Exploiting Latent Linearity in LLMs Improves Explainable Molecular Representation Learning
Zhuoran Li, Xu Sun, Wanyu Lin, Jiannong Cao
TL;DR
This work tackles the explainability gap in LLM-driven molecular property prediction by revealing latent linearity in LLM representations. It introduces MoleX, which decomposes embeddings into a concept space rooted in functional groups and learns a linear predictor augmented by residual calibration, yielding accurate and chemically faithful explanations. The approach achieves state-of-the-art performance across multiple benchmarks while enabling fast CPU inference and dramatically reducing parameter counts. These findings demonstrate that aligning foundation models with domain concepts can enhance both predictive power and mechanistic interpretability for scientific applications.
Abstract
Large language models (LLMs) have demonstrated broad utility across molecular domains, spanning drug discovery and materials design. Analyzing LLMs' latent representations is crucial for elucidating their underlying mechanisms, improving explainability, and ultimately advancing downstream performance. We propose MoleX, a simple yet effective framework that decomposes molecular embeddings within LLM representations into a concept-aligned space for explainable molecular representation learning. We further show that these high-dimensional embeddings admit a linear mapping onto chemically consistent concepts.
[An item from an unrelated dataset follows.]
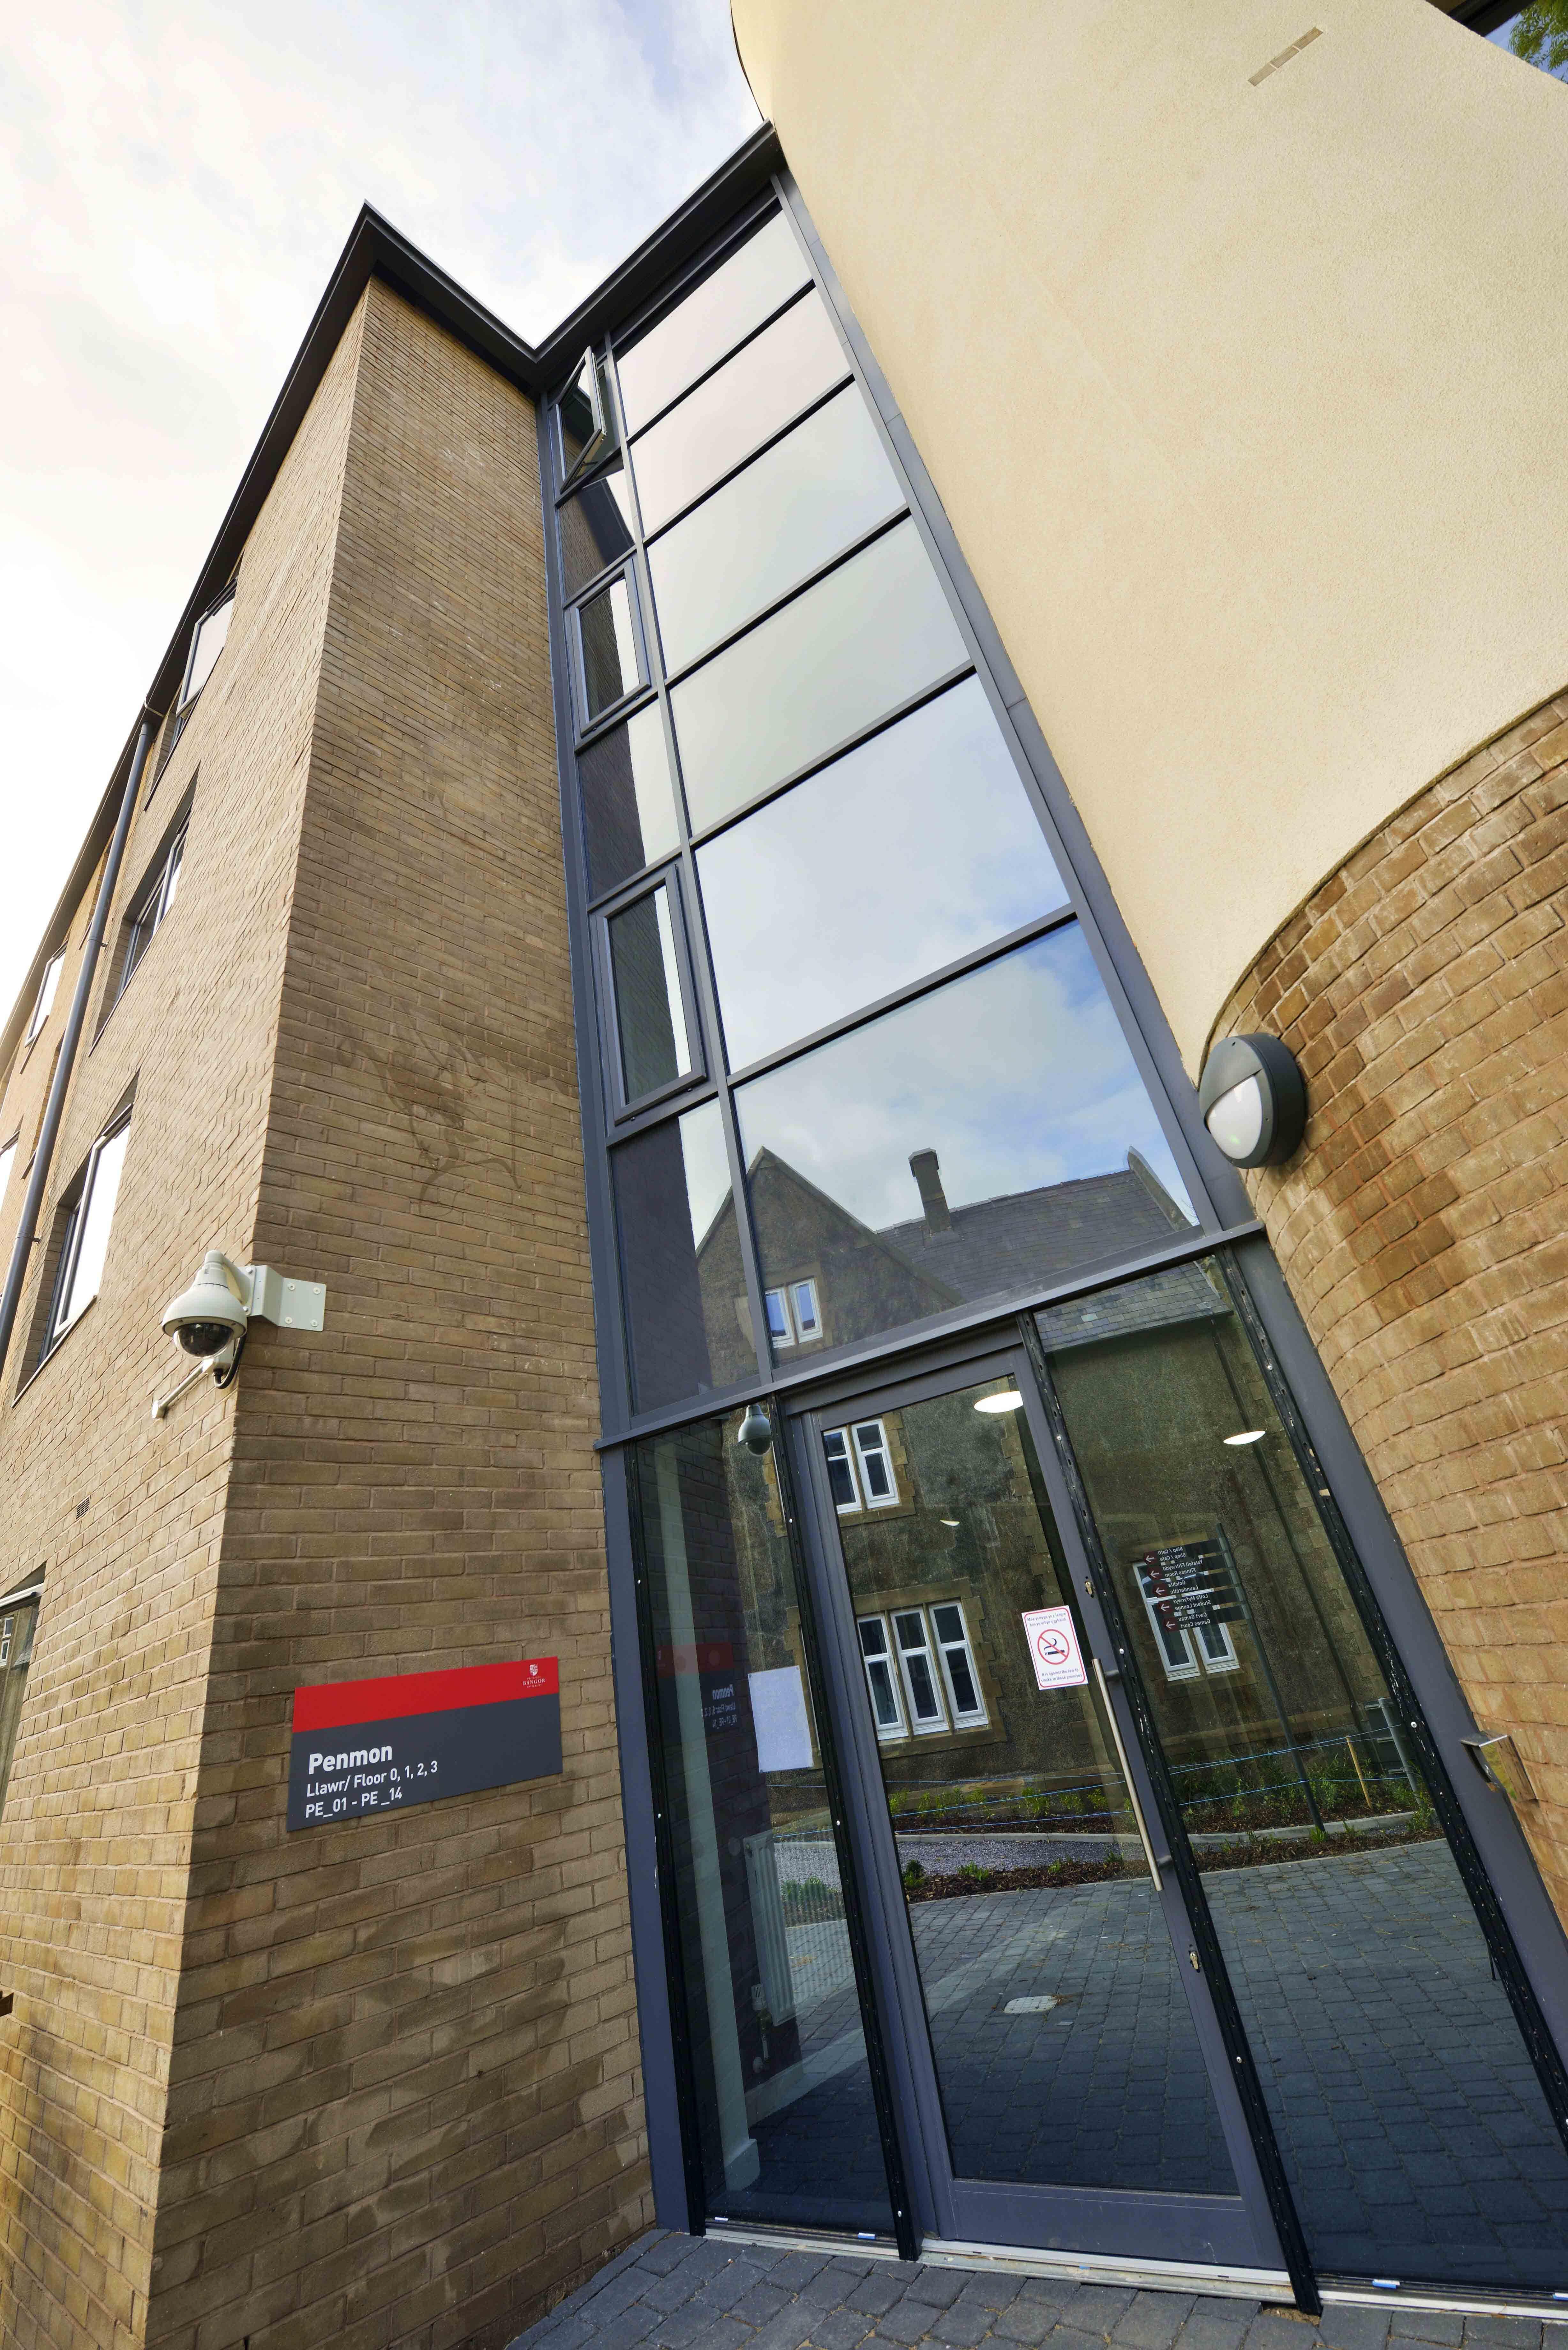 49 Most Popular Modern Dream House Exterior Design Ideas 3 In 2020: A Brilliant REHAU #Polytec50 Installation Done In Bangor University In October 2015

Our analysis suggests that the uncovered linearity aligns with established chemical principles, indicating a mechanistically explainable latent structure in LLM representations for scientific applications. When applied to downstream tasks, this latent linearity improves both predictive and explanatory performance. Extensive experiments demonstrate that MoleX outperforms existing approaches in accuracy, explainability, and efficiency, achieving CPU inference on large-scale datasets 300 times faster with 100,000 fewer parameters than LLMs.